Thomas Chippendale supplied wealthy families in 18th-century England with intricately carved pieces: chairs, card tables, even candlesticks. He also crafted desks and cabinets designed with secret compartments that distracted attention from compartments even more secret, so that a casual searcher, finding the first, would not look for another.
The Grenadillo Box by Janet Gleeson (Bantam Press) has a bit of that, as most good mysteries should. It has atmosphere, engaging characters, and a lot of information on cabinet-making. Oddly enough, especially when the melodrama begins, it’s the cabinetmaking that holds the attention.
Chippendale’s journeyman Nathaniel Hopson has finished installing a Chippendale library in the country home of the unpleasant Lord Montfort when a shot is heard and Montfort is found dead, leeches round his neck and blood all over a windowsill. In his hand he’s clutching the eponymous box. Nathaniel is drawn into the investigation — and the reader is drawn into this truly excellent book by an author who knows the subject well: among her non-fiction credits is Miller’s Antiques and Collectibles.
Charlotte Carter’s Walking Bones (Serpent’s Tail) is less a mystery, more a slim, brilliant and devastating volume of noir. It’s a love story, of a sort, set largely in bars — one expects Hoagy Carmichael to slide in somewhere, playing the odd chord and murmuring “hearts full of passion, jealousy and hate”. The protagonists are deeply wounded people: the black and beautiful Nettie, a failed model only recently emerged from a nervous breakdown; her rescuer and bar-hopping companion, the small, dapper Rufus Beard, a gay man with a taste for rough trade; and an alcoholic white publisher who lives on guilt. The combination is a tragedy waiting to happen.
The Emperor of Ocean Park by Stephen L Carter (Jonathan Cape) is as different from Walking Bones as a book can be. This Carter is wordy, the author digresses — which is why his book runs to 654 pages. It’s a first novel by a Yale University law professor who has written much non-fiction: on politics and religion, the American federal appointments process, civil rights. All this, along with a passion for chess, informs The Emperor of Ocean Park, as does Carter’s membership in what he defines as “the Gold Coast (as we style our narrow, upper-middle-class strip of the darker nation)”.
Ivy League law professor Talcott Garland is the son of a black judge who missed being appointed to
the United States Supreme Court because of his friendship with a white gangster. The judge dies; Talcott’s sister is convinced he’s been murdered; and Talcott, who first refuses to look into it, changes his mind when people begin dying around him. For readers less impatient than this reviewer, it’s well written, its highways and byways are interesting, and the twist at the end comes as a surprise.
Time of Death by Jessica Snyder Sachs (Century) isn’t a thriller at all — it’s an exploration of the multiple methods investigators have used for the past several hundred years to determine the time of death where there is no witness. If you believe it can be estimated by the progress of rigor mortis, or lividity, or stomach contents, surprise — it can’t. The imperfect nature of these estimates has not prevented the courts from pinning crimes on suspects, some of them clearly innocent, and so the search has gone on since the time of Julius Caesar to find an accurate formula.

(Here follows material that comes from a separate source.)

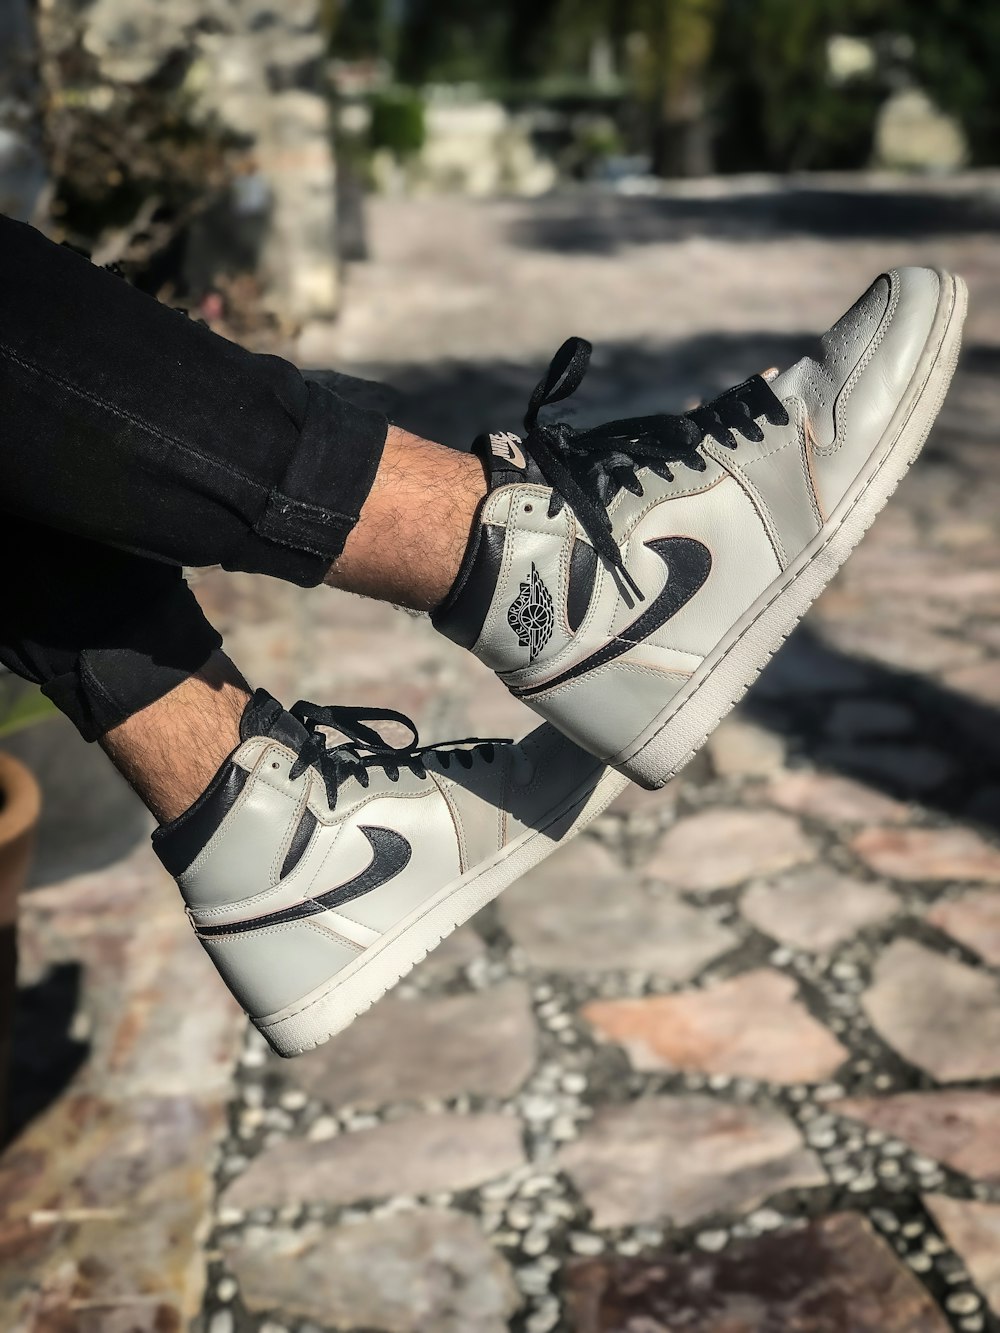 pair of white-and-black Air Jordan basketball shoes

That formula has been waiting in the wings since the gravediggers in Hamlet mused about worms infesting bodies. It seems it’s bugs — a number of different species whose life stages can be counted to the hour — and plants that can pinpoint not only when a person died but where, and there is an army of forensic pathologists who take delight in finding that out. There are passages in this fascinating book that seem to have tumbled straight out of Kathy Reichs or Patricia Cornwell, which only shows how well these novelists have done their homework — and how well Sachs knows her stuff.